Understanding the Legal and Regulatory Framework

As a private placement, the offering is structured to comply with exemptions from registration under the Securities Act. Specifically, the Notes and related guarantees will be offered:

  • To qualified institutional buyers under Rule 144A, which allows the resale of restricted securities to sophisticated investors who meet stringent criteria.
  • To non-U.S. persons outside the United States under Regulation S, a provision that facilitates cross-border offerings in compliance with U.S. securities law.

It is important to note that the Notes and their guarantees will not be registered with the Securities and Exchange Commission (SEC) or any state securities commission. Consequently, they may not be offered or sold within the United States except pursuant to an applicable exemption from such registration requirements. The Company also emphasized that this press release does not constitute an offer to sell or the solicitation of an offer to buy the Notes or any other securities.

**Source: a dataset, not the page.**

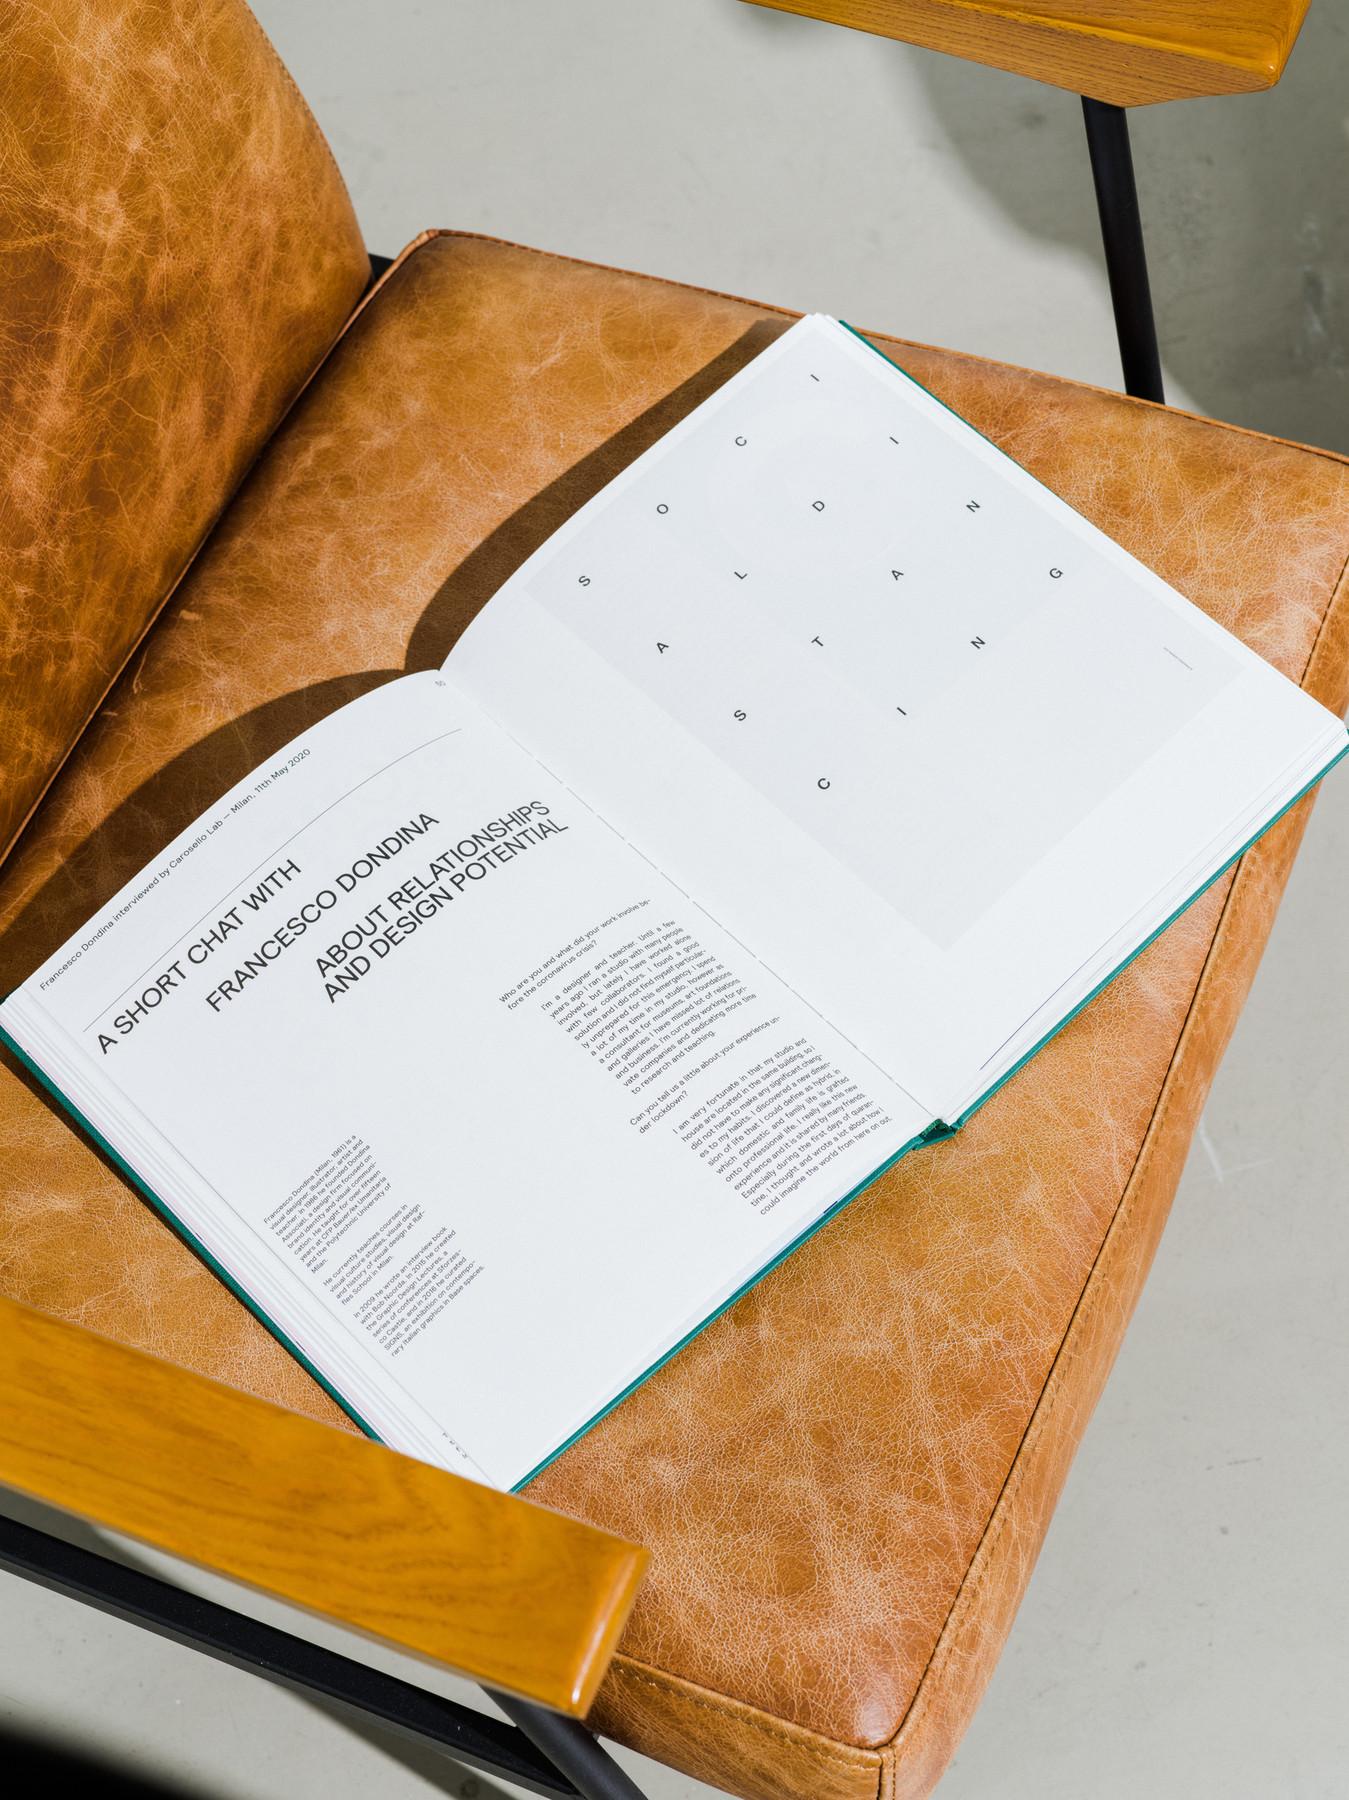 DAC Book CaroselloLab 040
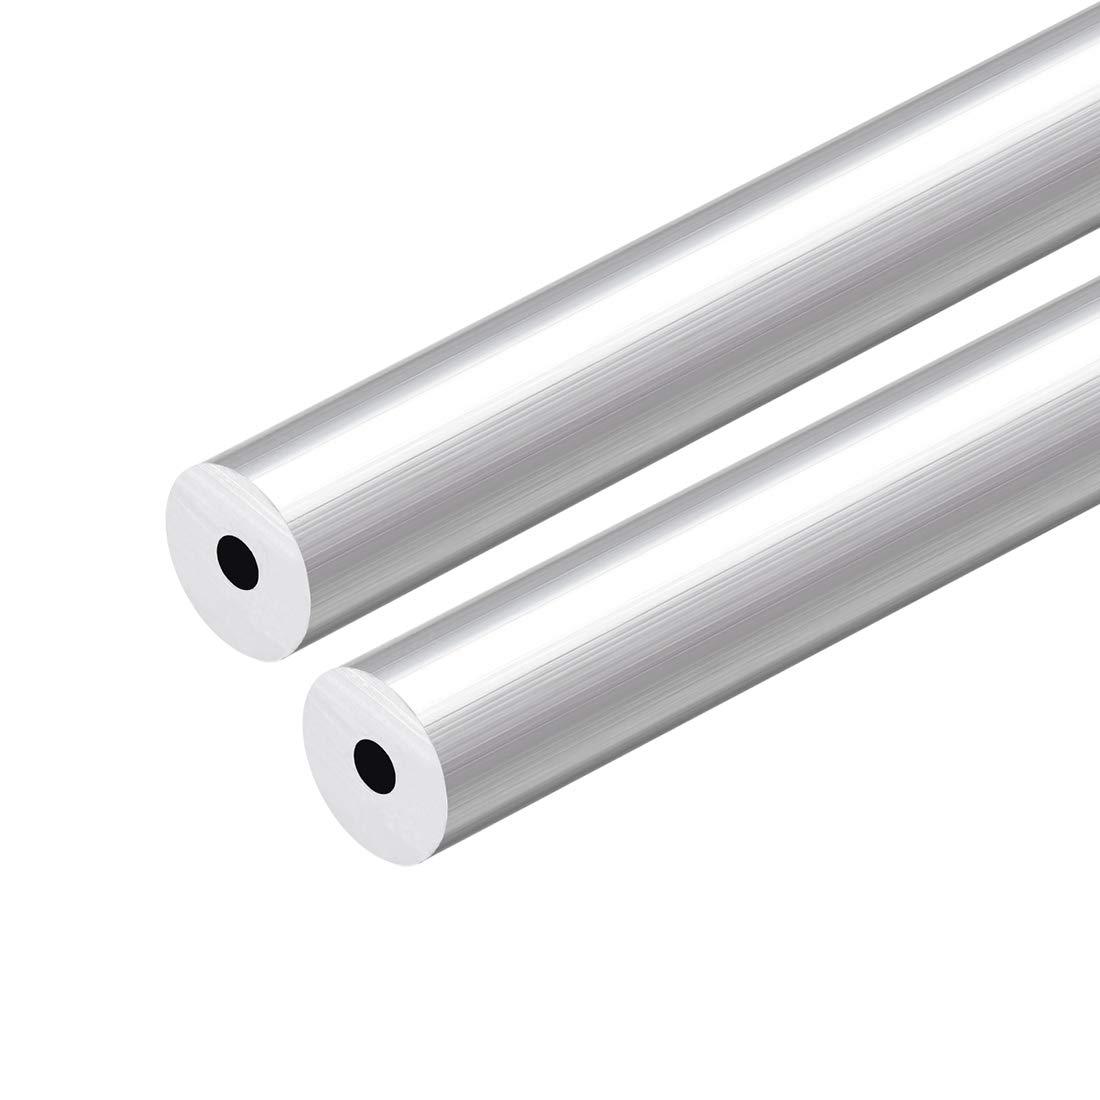 uxcell 6063 Aluminum Round Tube, 300mm Length 19mm OD 5.2mm Inner Dia Seamless Aluminum Straight Tubing 2 Pcs

Furthermore, this release does not constitute a formal notice of redemption for the outstanding 2027 Senior Notes. That process will follow the terms laid out in the indenture governing those notes, including specific notice procedures, redemption pricing, and timing of repayment.

Company Background and Financial Strategy

Park-Ohio Holdings Corp., through its subsidiaries, operates as a diversified industrial company. It provides supply chain logistics services, engineered products, and manufactured components across various industries including automotive, aerospace, defense, energy, and general industrial sectors. Park-Ohio Industries, Inc., as a key operating subsidiary, plays a central role in executing the parent company’s financial and operational strategies.

The decision to refinance existing notes and issue new senior secured debt reflects the Company’s intent to support its ongoing operational investments, maintain liquidity, and ensure financial durability amid a complex macroeconomic environment.

In recent years, Park-Ohio has navigated supply chain disruptions, labor cost increases, and inflationary pressures. Through these challenges, the Company has focused on maintaining prudent cost controls, enhancing manufacturing efficiency, and optimizing working capital. This offering signals that management remains forward-looking in addressing its capital structure and ensuring access to long-term funding.

As global credit markets evolve, corporate issuers like Park-Ohio face heightened scrutiny from both institutional investors and rating agencies. The pricing and structure of this new $350 million debt issuance suggests that the Company retains investor confidence and access to capital markets on competitive terms.

With the refinancing of its 2027 Notes, Park-Ohio will be better positioned to focus on its core industrial operations, pursue growth initiatives, and manage risk in a disciplined manner. Investors, creditors, and analysts will be watching closely to see how this strategic refinancing contributes to the Company’s broader financial performance in the quarters ahead

This news release contains certain forward-looking statements, including those relating to the expected closing date of the offering, intended use of proceeds, and potential redemption of existing notes. These statements are based on current expectations and assumptions and involve known and unknown risks and uncertainties that may cause actual results to differ materially. Investors are encouraged to review the Company’s filings with the SEC, including its most recent annual and quarterly reports, for a fuller understanding of these risks.